Substrate
The graph is the memory. Sessions are ephemeral. This is the core insight that everything else in Vinculum follows from.
Scaffolding vs substrate
Scaffolding is temporary. You put it up to do work, and when the work is done, you take it down. Chat threads are scaffolding. So is shared context passed between sessions via copy-paste, or a Notion doc that captures decisions for a while before going stale.
Substrate is load-bearing. It's what you build on. Concrete is substrate. The ground is substrate. When you pour a foundation, it stays — future construction references it, builds on it, and it remains even when the builders leave.
Vinculum is the substrate for parallel Claude sessions. Every decision, directive, implementation, and review is a typed entry in a shared graph. Sessions start, read the graph to orient themselves, work, write their outputs to the graph, and end. The session is gone. The graph is not.
The north star
“The LLM is the coordinator. Vinculum is what it coordinates on.” The model provides the reasoning. The substrate provides the memory.
Why this matters for LLMs
LLMs have a context window. It's not tiny anymore, but it's still finite, and more importantly, it's ephemeral. When a session ends, the context goes with it. If coordination depends on that context — if the shared state only exists in the chat thread — you've built on scaffolding.

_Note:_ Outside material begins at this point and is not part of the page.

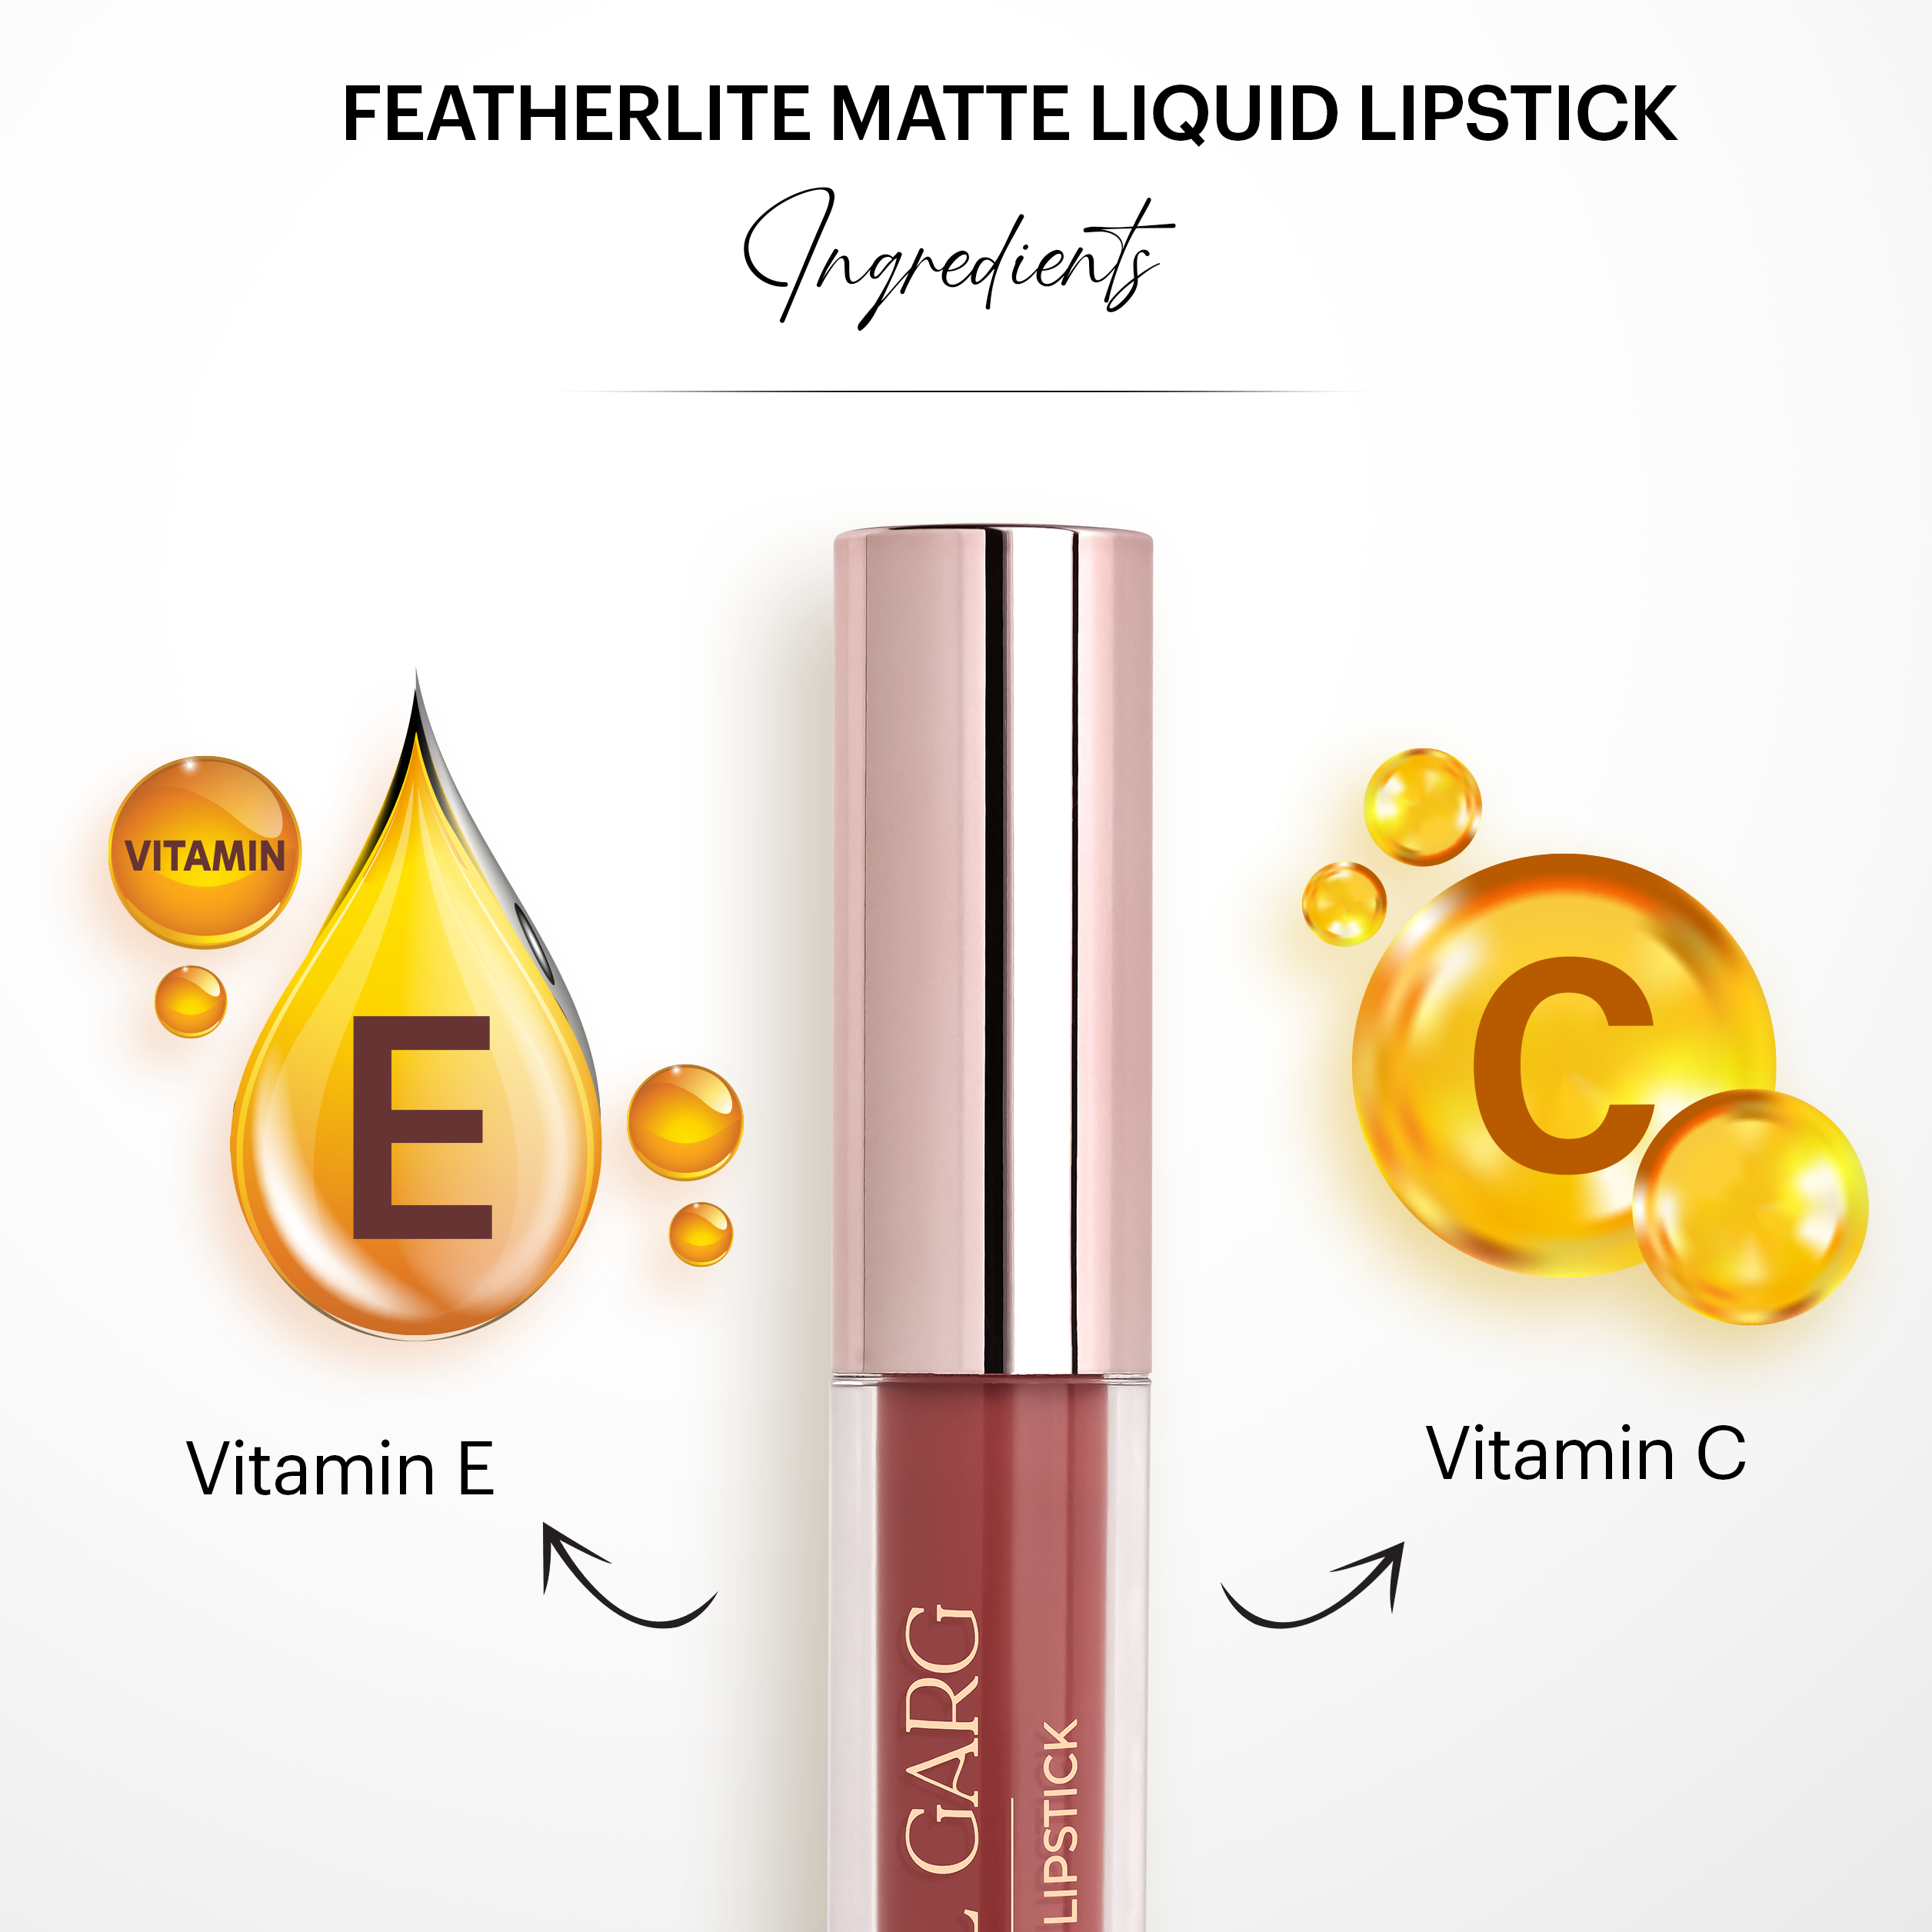 Featherlite Matte Liquid Lipstick: Fantasy 84

The graph doesn't fit in one session's context window, and it doesn't need to. Each session loads what's relevant: its inbox, its directive, recent activity on its branch. The rest of the graph stays out of context but remains readable via tool calls. The model doesn't need to hold everything — it needs to know where to look.
Typed entries
Everything in Vinculum is an entry. Entries have types: directive, implementation, review, checkpoint, decision, question, spec, convention, and others. The type is not just metadata — it drives routing, display, and tool behavior.
A directive is something to be done. An implementation is the output of doing it. A reviewis the lieutenant's verdict. This typed structure means the graph isn't just a log — it's a queryable record of work.
Sessions are ephemeral by design
This is a feature, not a bug. A session that ends cleanly — writing its outputs to the graph before the window closes — is a session that did its job. The grunt is not a persistent agent. It's a stateless worker that claims a directive, implements it, and hands off to the graph.
This means you can kill a session mid-work and restart it. The new session reads the graph, finds the checkpoint entries the previous session wrote, and picks up from there. No lost state. The graph held it.
Note
The dashboard live feed shows entries being written in real time. You're watching the graph grow — substrate being laid.
The graph is horizontal
Vinculum is a graph, not a hierarchy. Entries link to other entries: implements, supersedes, blocks, references. A directive links to the implementations that fulfilled it. An implementation links to the review that approved it. A convention entry links to the decisions that gave rise to it.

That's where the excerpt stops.